Recorded data:
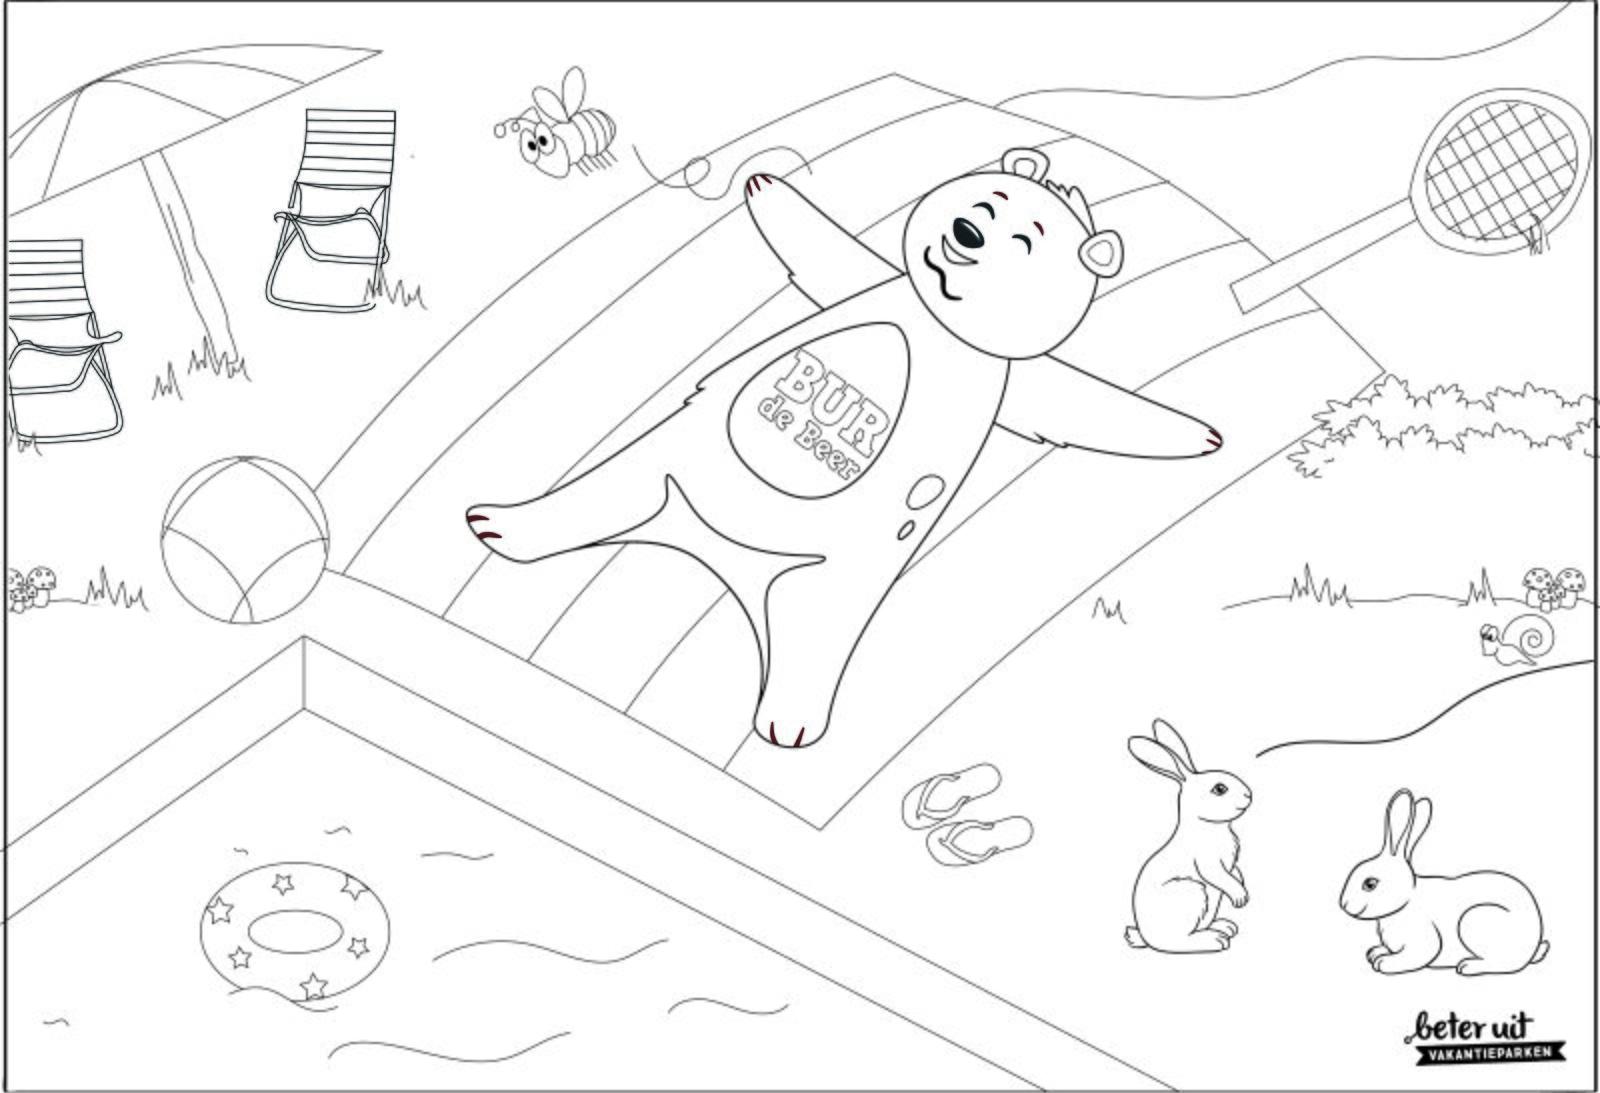 BUR de Beer kleurplaat beer ligt op handdoek aan het zwembad
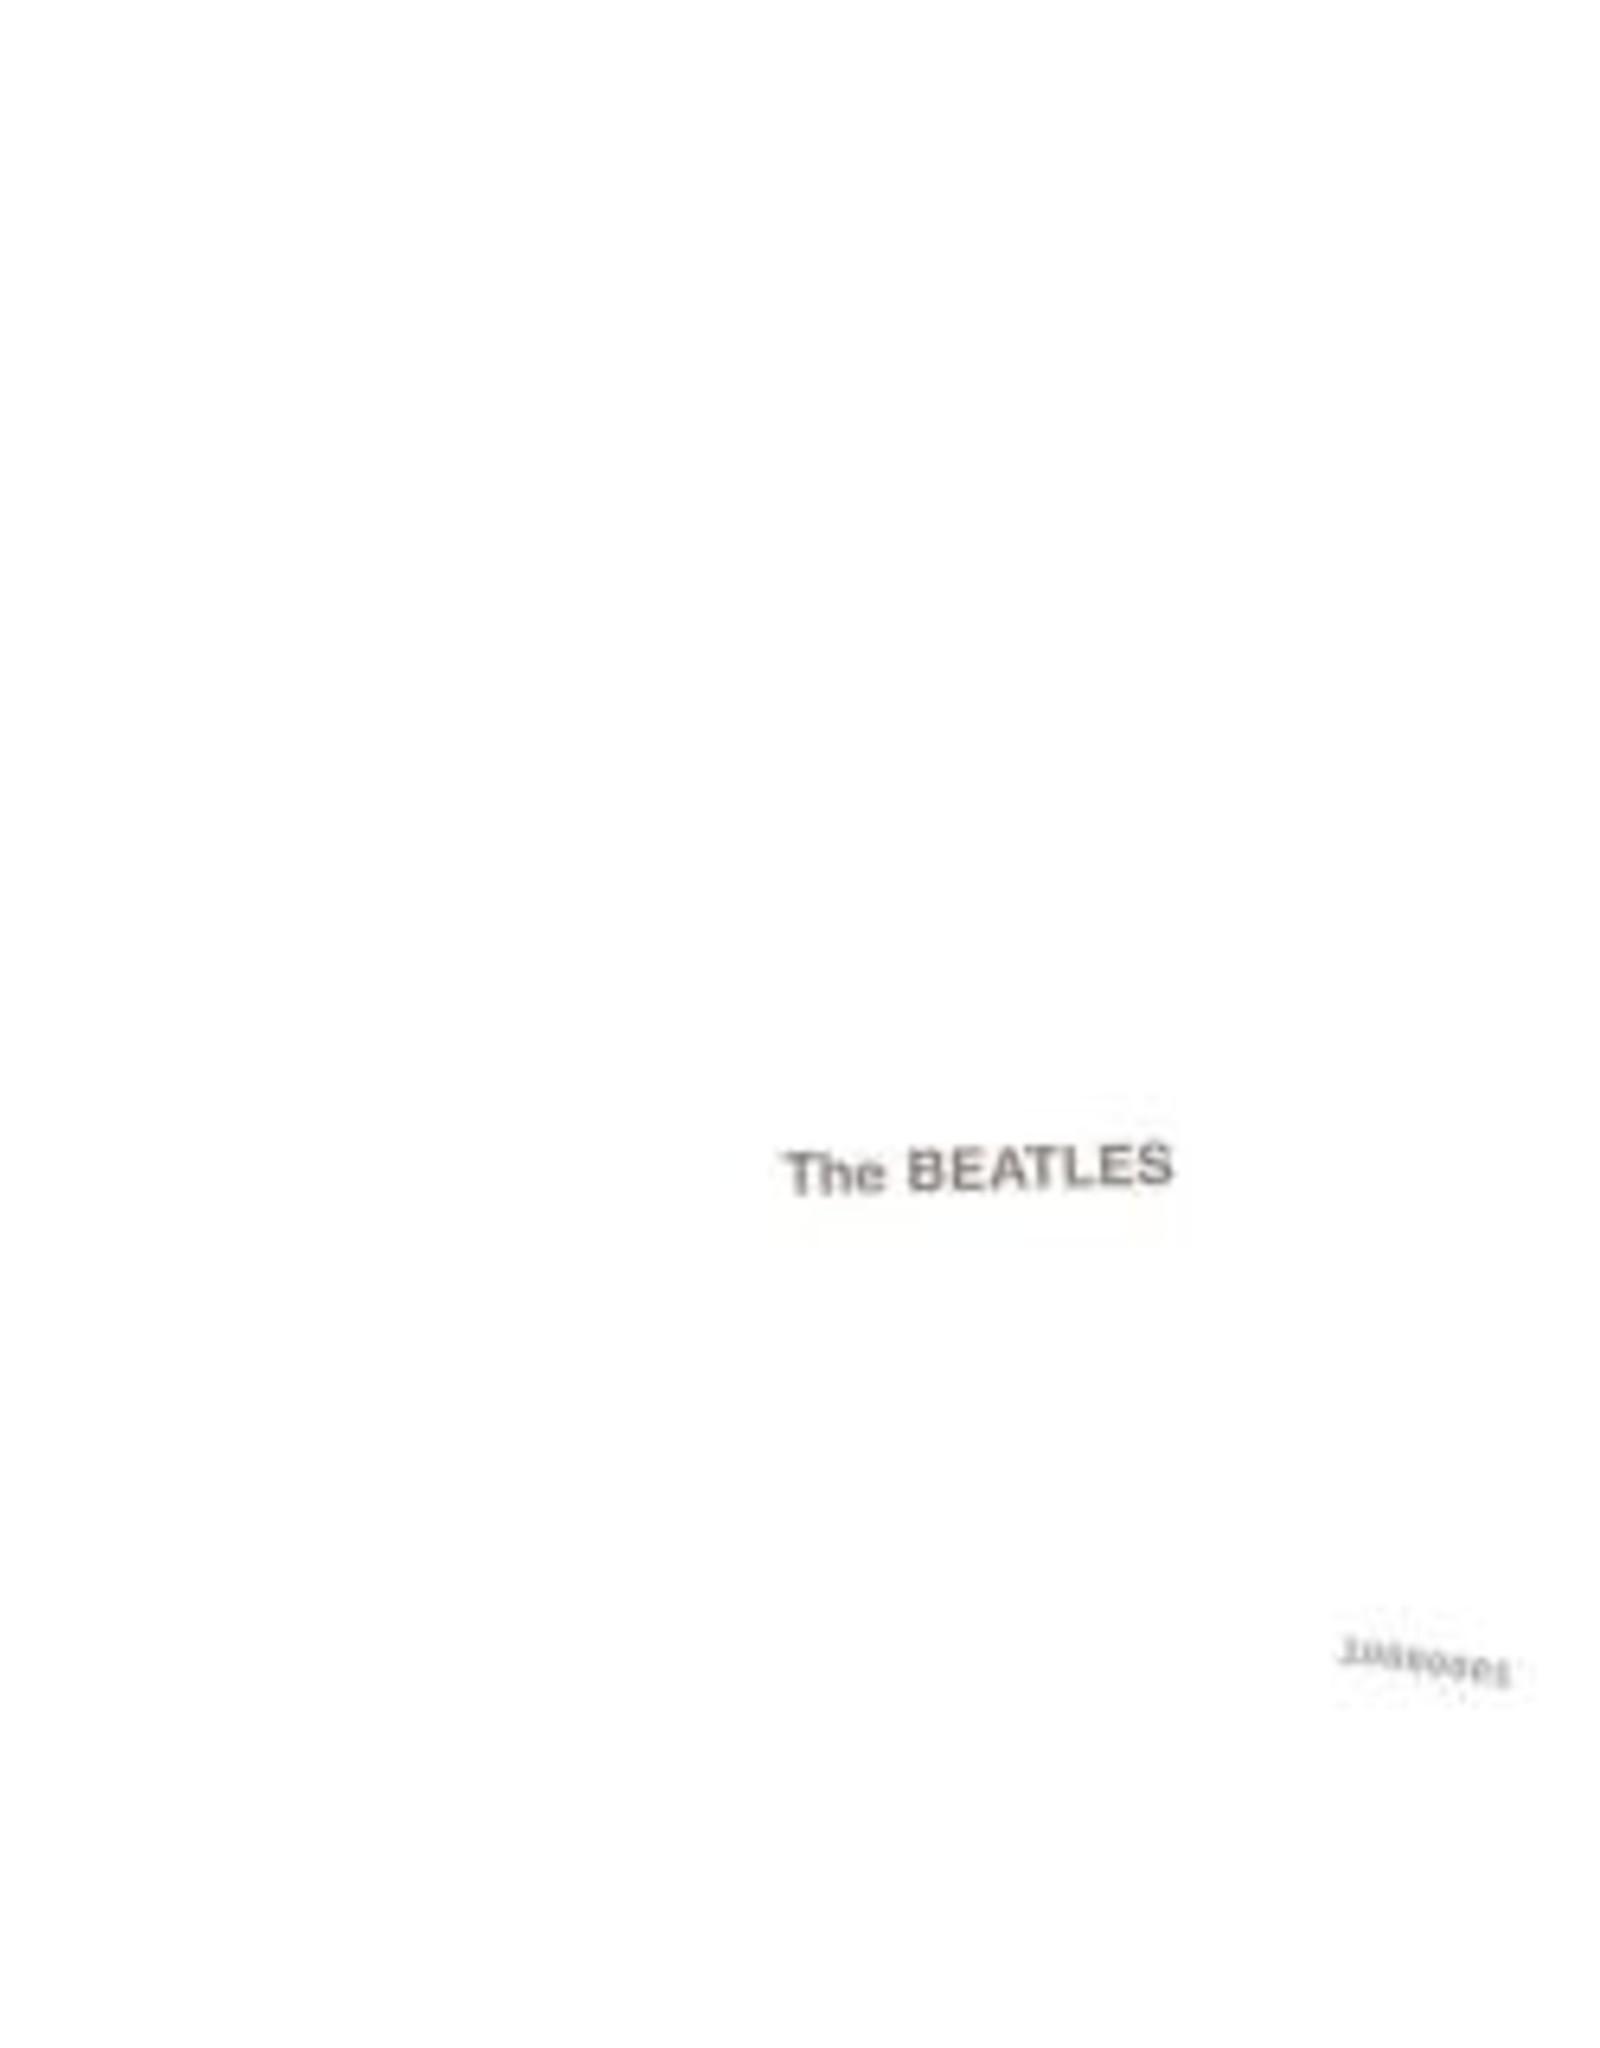 Beatles - S/T (White Album) 2LP
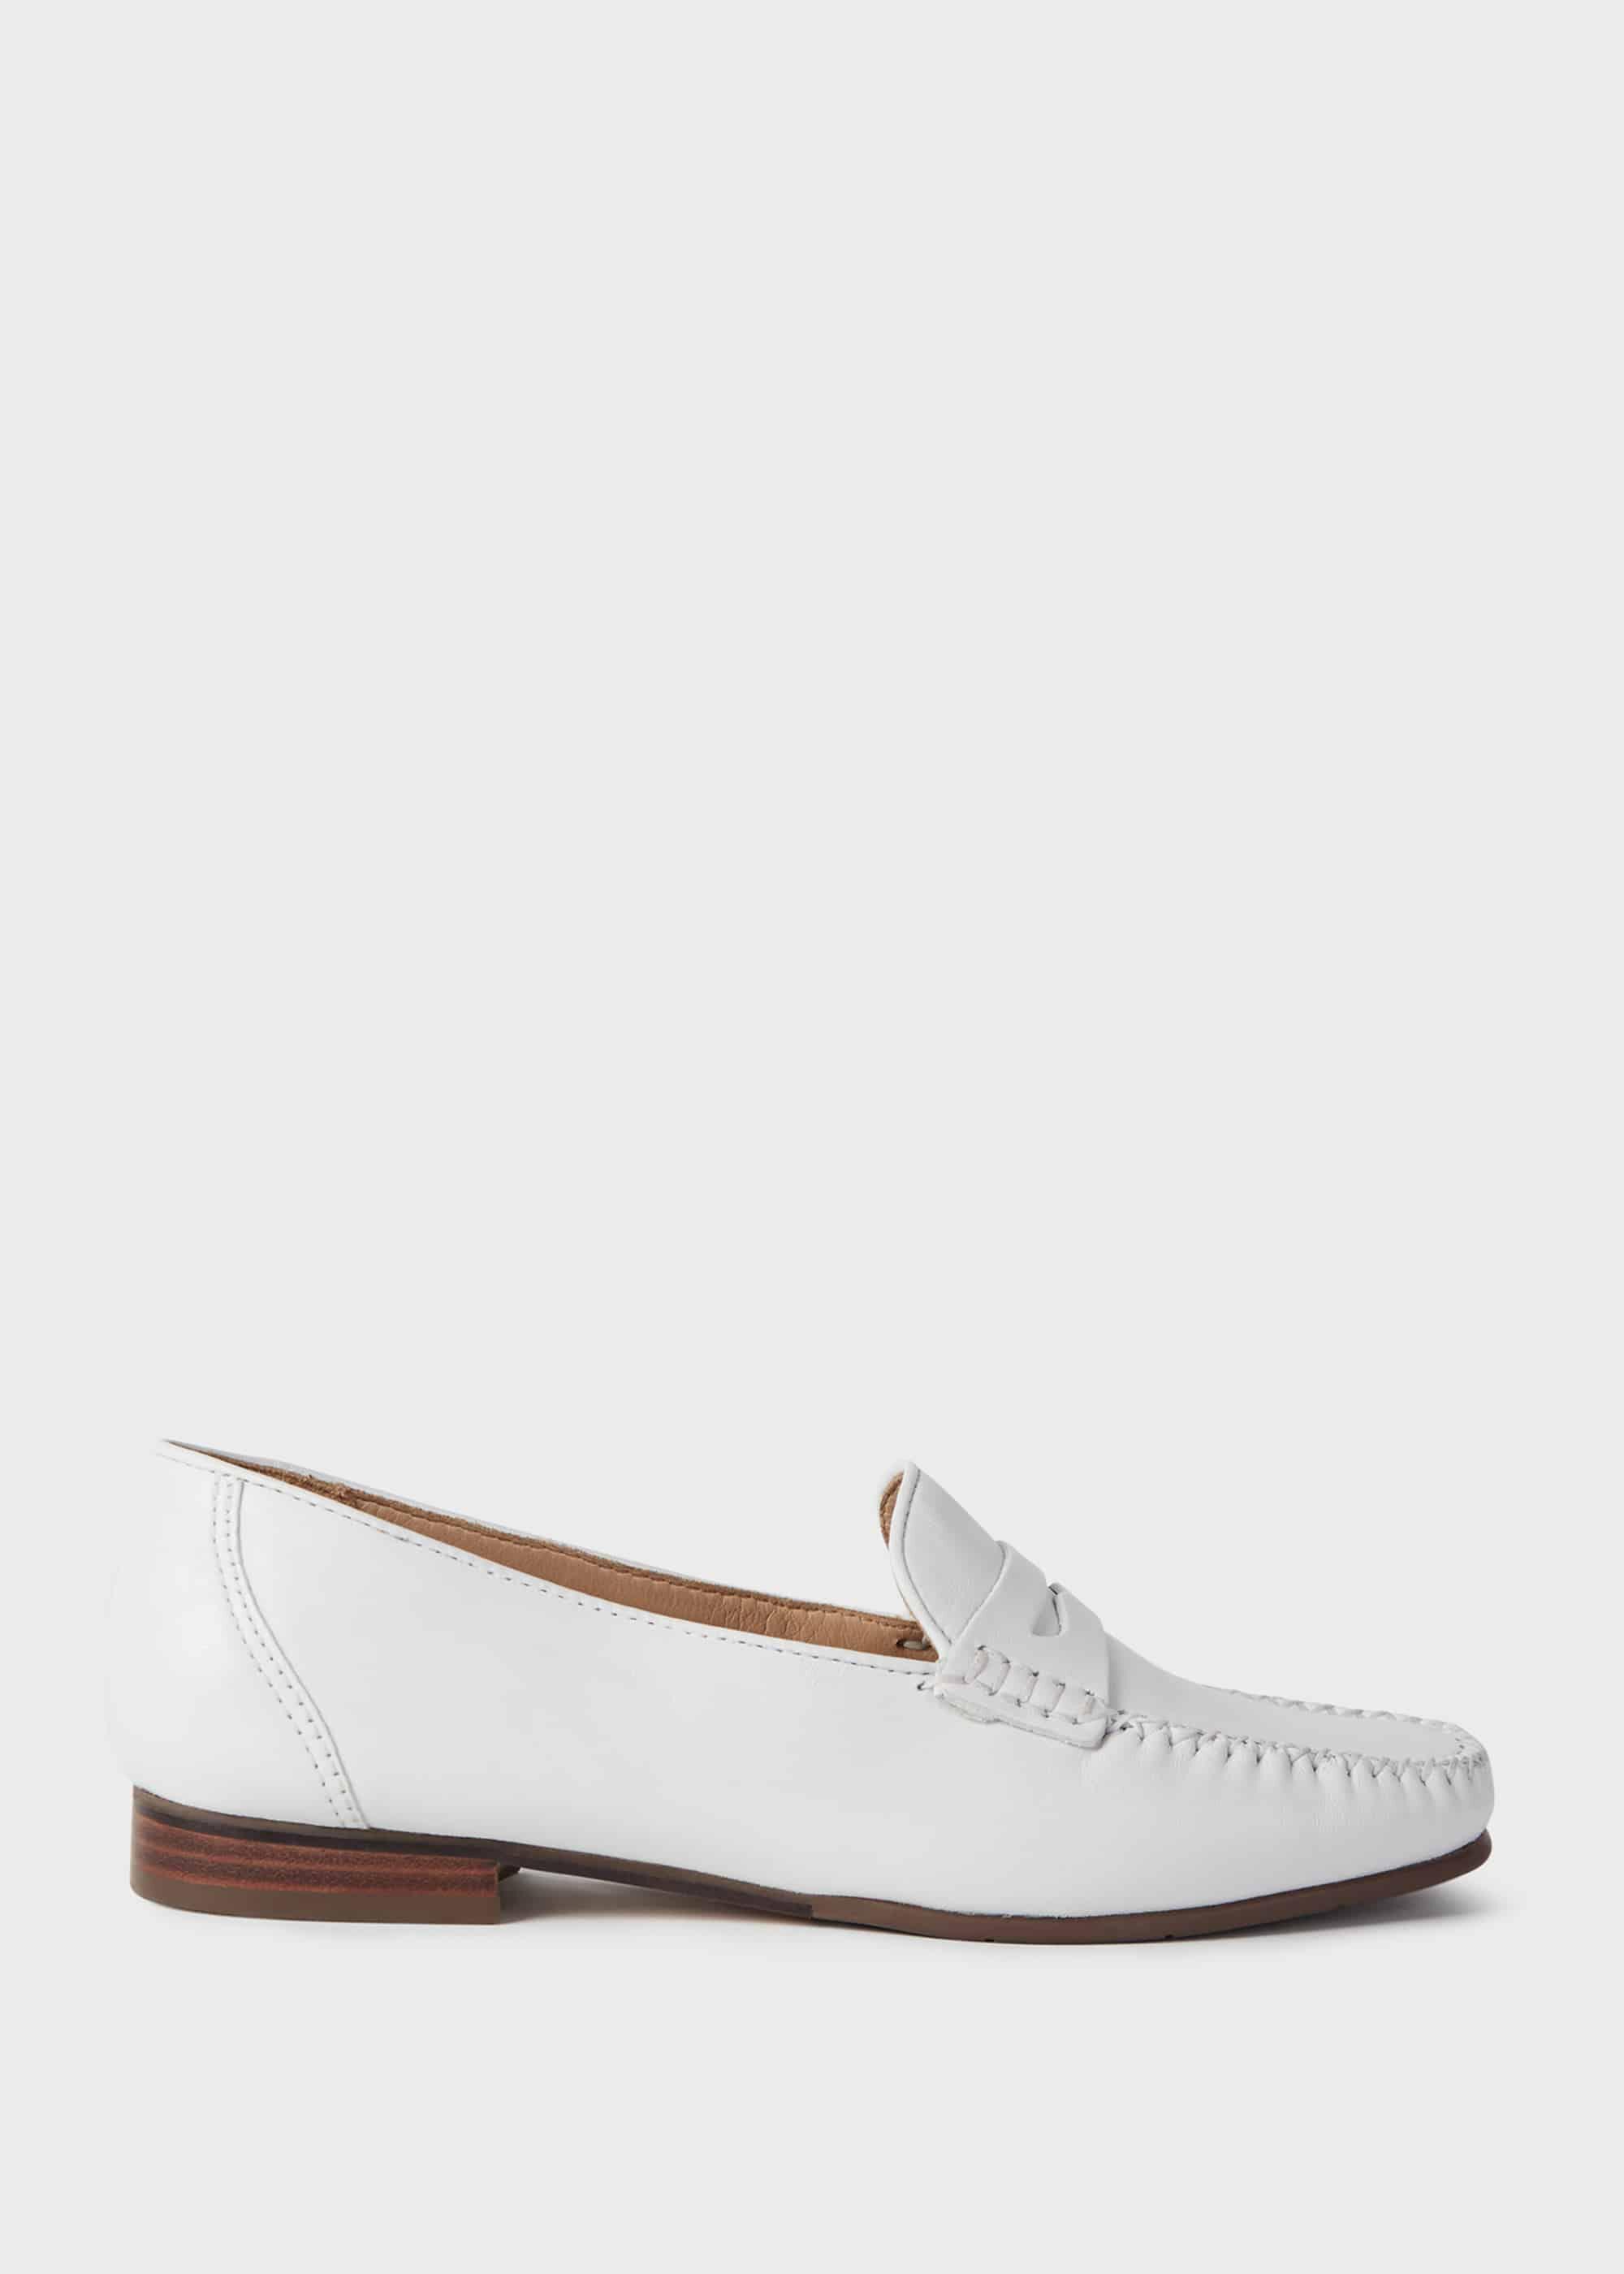 Sale Shoes \u0026 Boots   Women's Courts

Work order: What you return should match the material line for line, with the images removed.

Exercise solution:
 BUR de Beer kleurplaat beer ligt op handdoek aan het zwembad
 Beatles - S/T (White Album) 2LP
 Sale Shoes \u0026 Boots   Women's Courts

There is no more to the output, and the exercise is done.